Broker Check

Bid vs Ask and Market Order vs Limit Order

September 23, 2024

Buying a security can be like purchasing a car. You do your research, shop around, and decide on a vehicle you feel best suited to get you from point A to point B. In the same way investments can help get you from where you are now to a desired destination such as a vacation, retirement, or financial freedom.

Bid/Ask

With securities there are bid and ask prices. The bid is a price someone is willing to buy, and the ask is a price someone is willing to sell. The difference between these two prices is called the spread. A large spread will generally mean that the security is less liquid than one with a smaller spread. So, think of the demand for a vehicle such as a Ford Pinto verse a Toyota Camry. Many Toyota Camrys are sold new and used every year so it’s easy to determine the worth of the vehicle on the open market, while conversely a Ford Pinto is no longer in production and not many are available used so there is not likely to be consistent pricing. The Camry would have a smaller spread which is important for price stability and possibly lower costs.

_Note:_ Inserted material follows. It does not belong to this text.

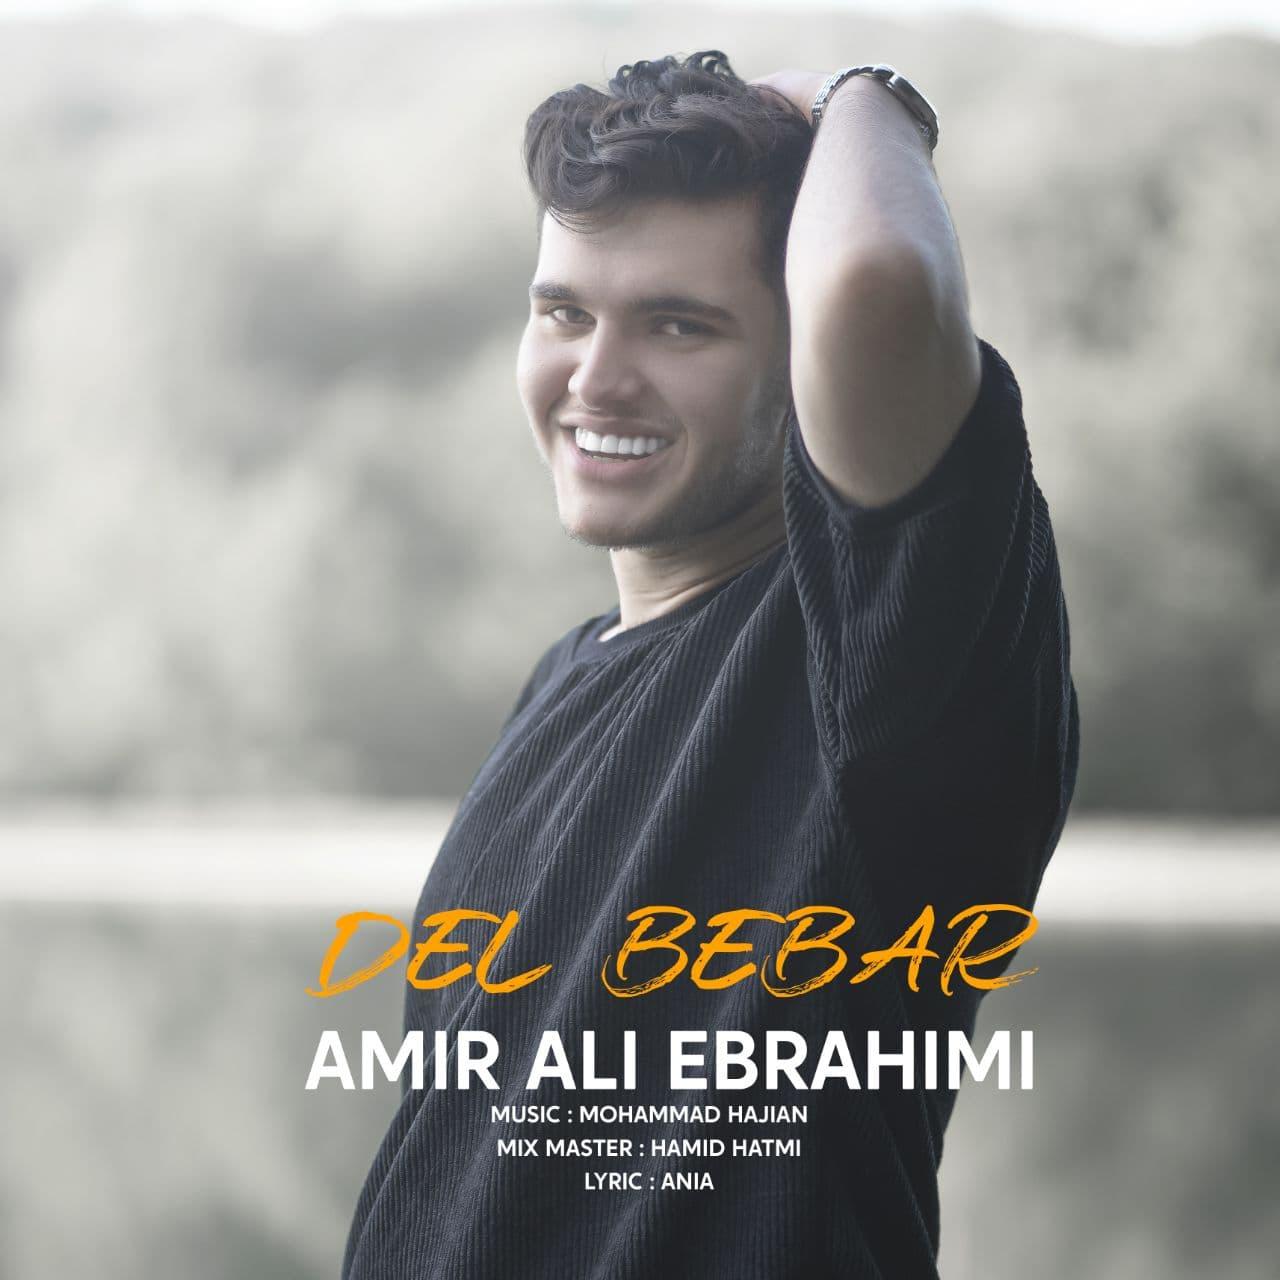 دانلود آهنگ امیر علی ابراهیمی به نام دل ببر از موزیک باز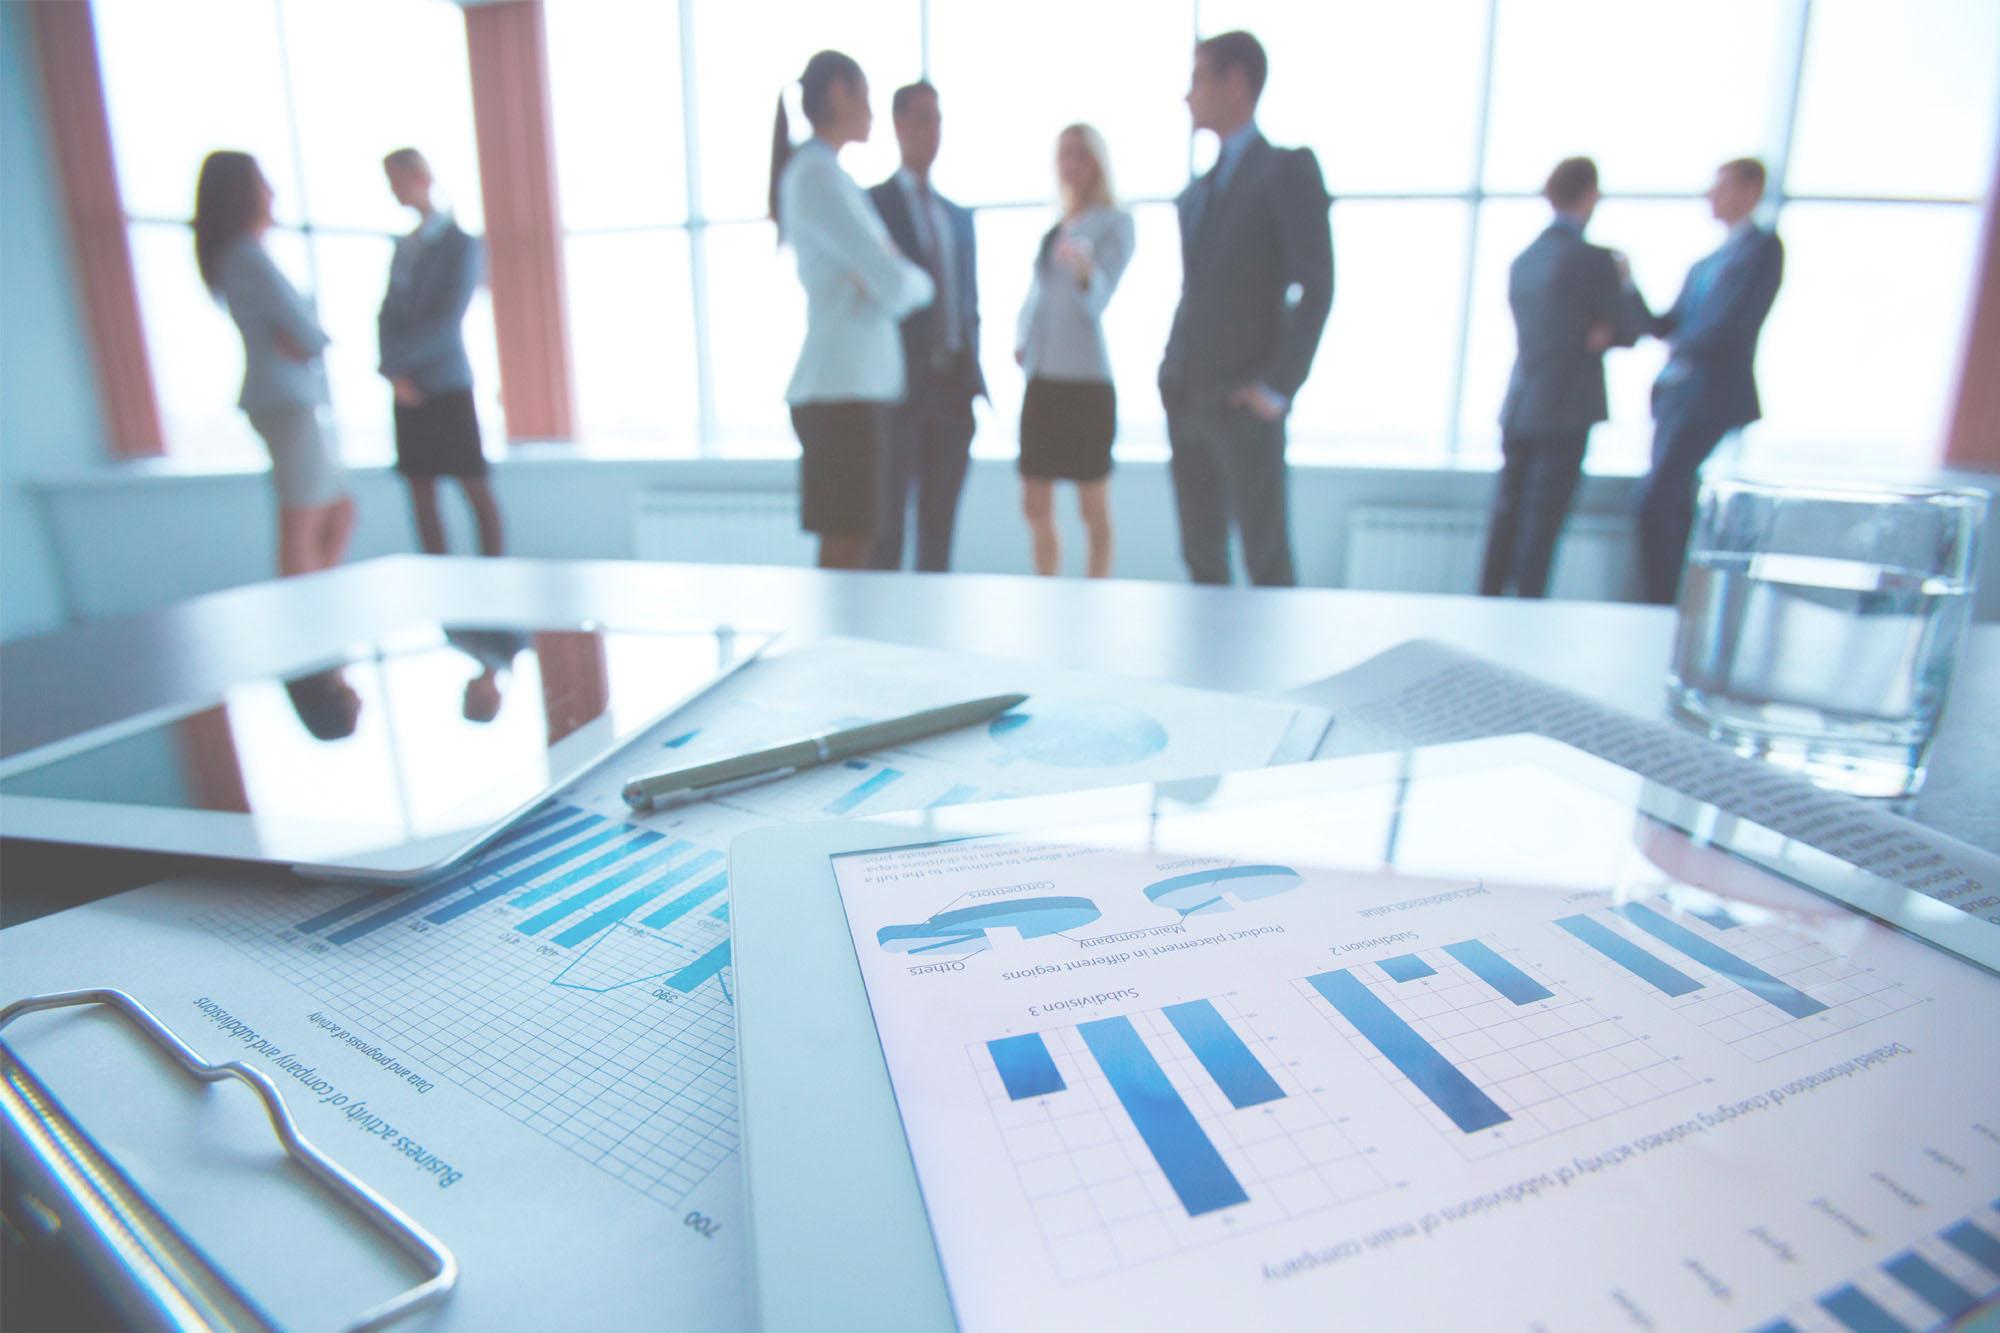 Gestoría-Laboral-Asesoría-Fiscal-y-Contable-en-El-Puerto-de-Santa-María

So, when placing a buy order for the security you want to be aware of the spread. For example, if you are going to buy XYZ stock at Schwab you will see a Bid of $100.36 (4) AMEX and an Ask of $100.38 (6) CBOE. This shows a spread of $0.02 cents with 4 buyers and 6 sellers with the best prices being on two different exchanges. We are generally looking for a narrow spread for price certainty if/when we need to liquidate an investment.

Market/Limit Orders

If an investor wants to make sure they get a certain quantity of shares they would place a market order, while they would have no control over the price it would ensure execution of the buy/sell. This would be equivalent to walking into a dealership and paying the sticker price of a vehicle with no questions asked because you are keen to secure it the same day. If the investor was more worried about getting the stock at a particular price, then they would place a buy limit order. Market orders are more ideal for securities with tighter spreads whereas limit orders are useful when trying to buy/sell a thinly traded security. Using limit orders to purchase stocks and ETFs is more advantageous.

Custodian

Once you have your price range and budget you start looking for a dealership that can accommodate your parameters, which can vary greatly with the different sellers. Similarly, when trading securities each custodian will show you the pricing and charge differently for trades. Picking the right place to purchase a vehicle, car or investment, can make a big difference in additional costs and possible hidden fees

Conclusion

Fruition Financial strives to reduce expenses when buying and/or selling investments. We are cognizant of bid/ask prices as well as placing limit orders when appropriate. These small details add up over the life of a portfolio and should be considered. We are committed to partnering with companies that provide value and increase the overall client experience.